If you haven’t already tried a meatless hamburger, chances are you will bite into one soon. Some 57% of American households have already taken the plunge and the number is growing fast.
The customers, by the way, aren’t all vegans. Industry research shows 98 percent of people who buy plant-based meat also purchase conventional meat.
Various surveys point to two key motivators: health concerns associated with over-consumption of animal fats and worries about the environmental impact of the huge carbon footprint and land use consumption required for animal farming.
Plant-based meat producers claim their food generates 90 percent fewer gas emissions than their cow-derived counterparts, and uses 46 percent less energy, 99 percent less water, and 93 percent less land.
There’s money in meatless
Meatless plant-based substitutes are a food market worth $7 billion in the U.S. today, up from $5.5 billion in 2019, and rising 2.5% faster than total U.S. food sales from 2018-2020. That’s according to retail sales data released April 6, 2021, by SPINS, which calls itself the leading provider of data and insights for the natural organic and specialty products industry.
The companies in this meatless field are themselves proving to be valuable: as of February 21, 2021, Beyond Meat, a leading company producing alternative protein products such as plant-based meat, had an estimated market value of $9 Billion.
But meat substitutes aren’t confined to vegetables. Some 20,000 species of edible insects are also being used as meat substitutes: insect advocates say mealworms are clean, odorless, and rich in minerals and vitamins, while crickets and grasshoppers are loaded with protein.
Barclays Bank Plc predicts annual worldwide sales of edible bugs will grow to $8 billion by 2030, from less than $1 billion in 2019 — a potential challenge to the plant-based faux-meat market. Taken together, the global market value of meat substitutes is expected to grow to over $35 billion by 2027.
Home, home in the lab
And now…make way for a new entrant into this fast-growing field: real meat. Not just red meat but chicken as well. Not grown on the land but in a lab, from cells extracted from living animals: fat, muscle, and other tissues to be used in the final product.
As an example, consider this process used by GOOD MEAT: the extracted starter cells grow and divide in a laboratory (in a bioreactor) where they are bathed with the same nutrients an animal would eat, such as vitamins, fats, and amino acids. This harvesting process takes about 4-5 weeks.
But consumers are not likely to buy blobs of harvested cells. The grown meat end product has to look aesthetically pleasing – like the real meat you now buy in the supermarket. That entails using technology – 3-D printing to build the cultivated cells into more familiar meat shapes. The cells can also be grown on a natural scaffolding, so they develop into the desired shape and texture.
Molding and extrusion cooking using different temperatures and degrees of pressure create the fibrous texture we associate with meat. The lab-grown meat is then ready for you to cook and eat at home.
High in nutrition, low in waste
The producers claim lab-grown meat has the same nutritional profile as real meat, but without the hormones and chemical additives of industrialized farming. Controlled production – you grow only what you need – limits waste, while the cells can be kept indefinitely in a cell bank for future production.
And since there are no animals to tend and feed, raise and slaughter, there is much less impact on the planet, and improved animal welfare.
Who’s growing meat?
Companies and researchers are piling into cell-cultured meat:
- The first steak cultured from cells was produced in December 2018 by an Israeli company, Aleph Farms, though the company said at the time that the taste needed more work.

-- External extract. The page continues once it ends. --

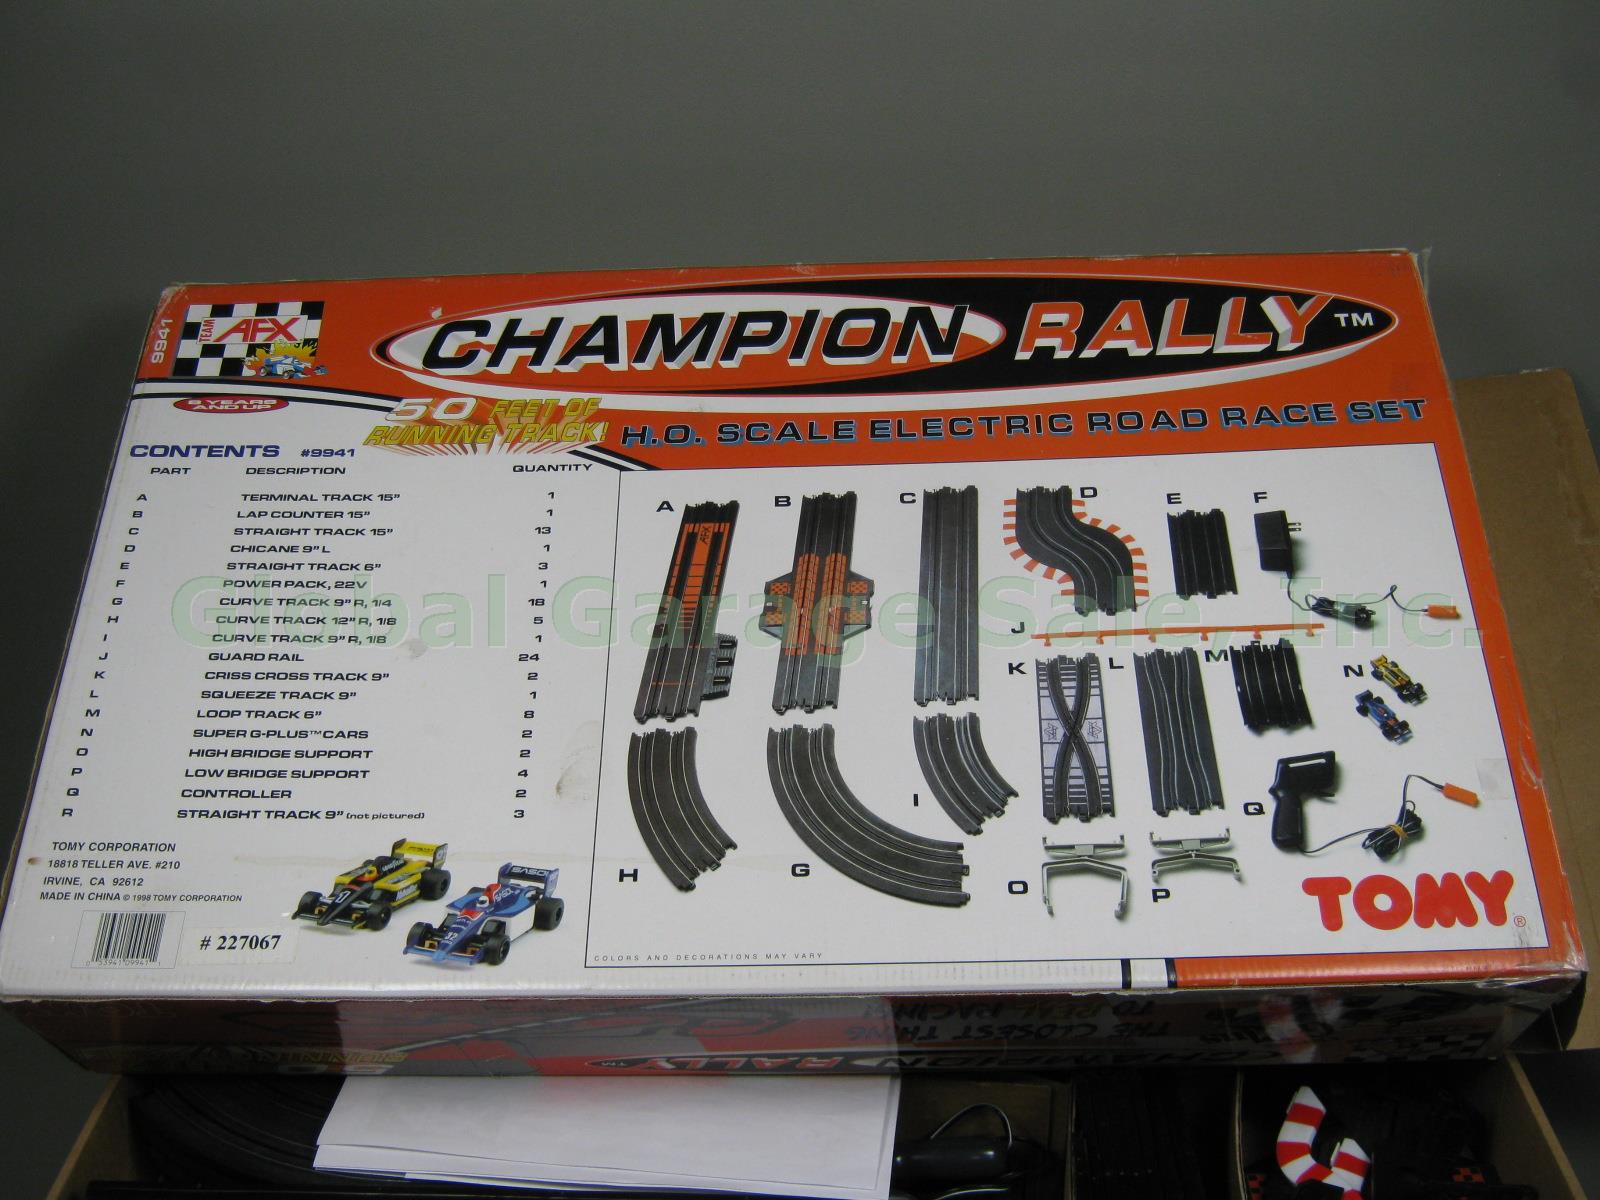 Tomy Team AFX Super G Plus Champion Rally Electric Slot Car Race Track Set #9941 4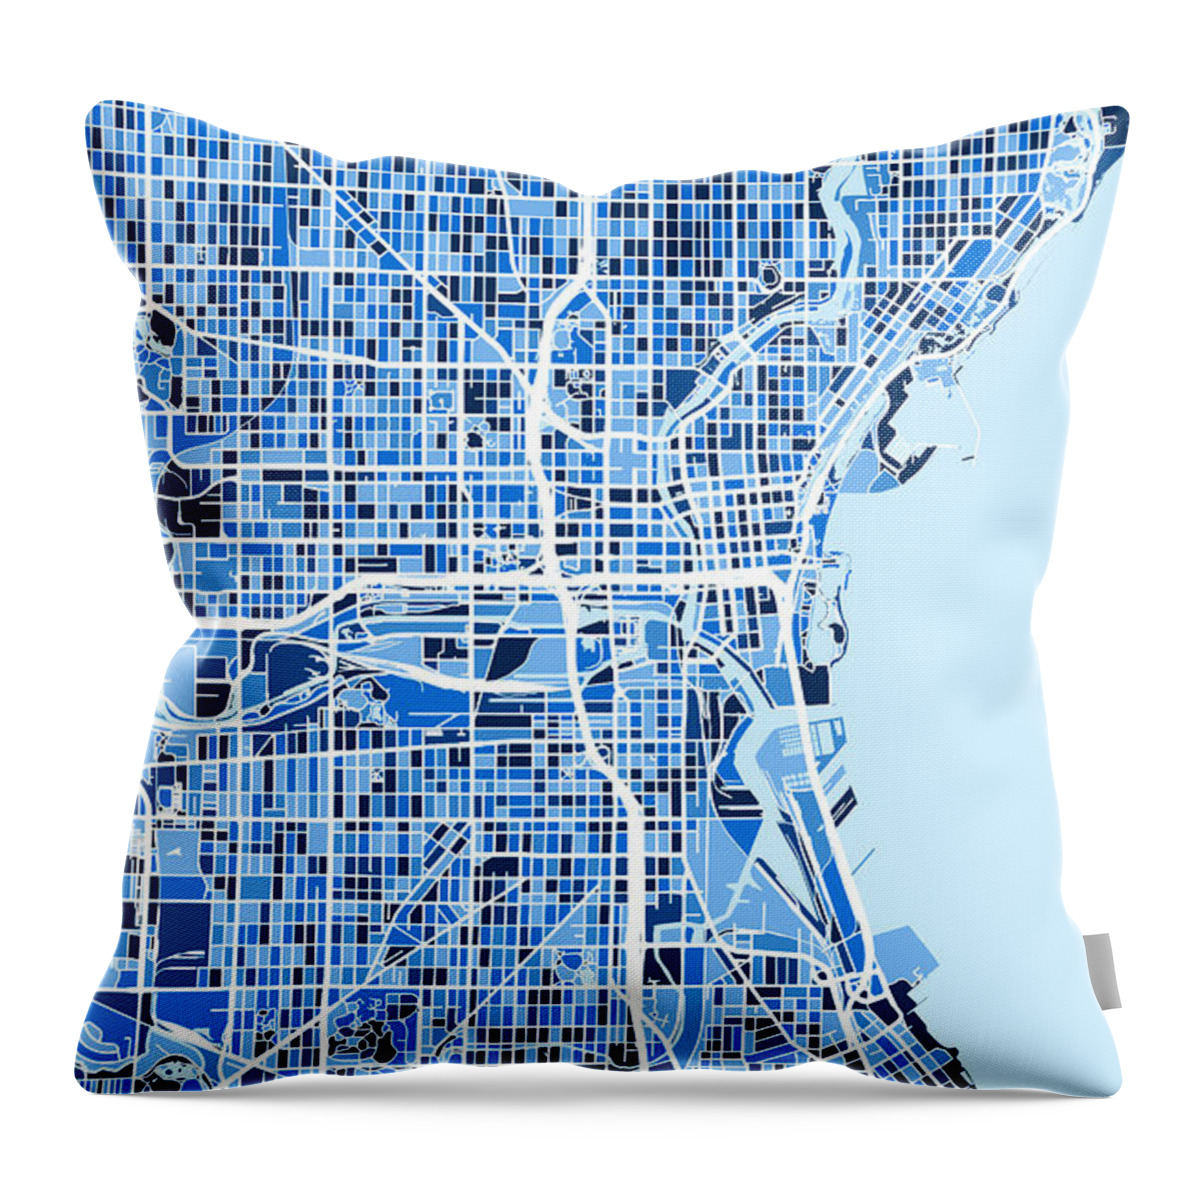 Milwaukee Throw Pillow featuring the digital art Milwaukee Wisconsin City Map by Michael Tompsett

- Another Israeli company, MeaTech3D, in December 2021 produced what is considered to be the largest lab-grown steak yet produced, weighing in at nearly 4 ounces and composed of real muscle and fat cells, derived from tissue samples taken from a cow.
- In November, Redefine Meat presented its 3D-printed plant-based steak in London to an invited group of tasters, including a journalist from The Guardian, who described its mimicry of real meat as “extraordinary.”
- And scientists at the University of Lisbon in Portugal announced in December a Good Food Institute-funded plan to make sea bass fillets from 3D-printed cells on edible scaffolds using ingredients from algae for the cells to grow on.
- At the end of 2020, chicken nuggets made by U.S. company Eat Just were served to customers in Singapore.
That last move – selling lab-grown animal food to human customers — required regulatory approval, one of the speedbumps along the road to public market development for lab-grown meat. Another is the large amount of energy required for lab meat production.
Government investment in technology and research and commercialization could speed things along, but you won’t be finding lab-grown meat in your supermarket for a few years yet.
Meanwhile, companies are making market forays in other ways. MeaTech3D, for example, say they will venture into the market by selling the cultured fat from their lab meat as an ingredient for other products, while working on a pilot plant planned for 2022.
It’s a whole new meaning to the classic advertising slogan, “Where’s the beef?”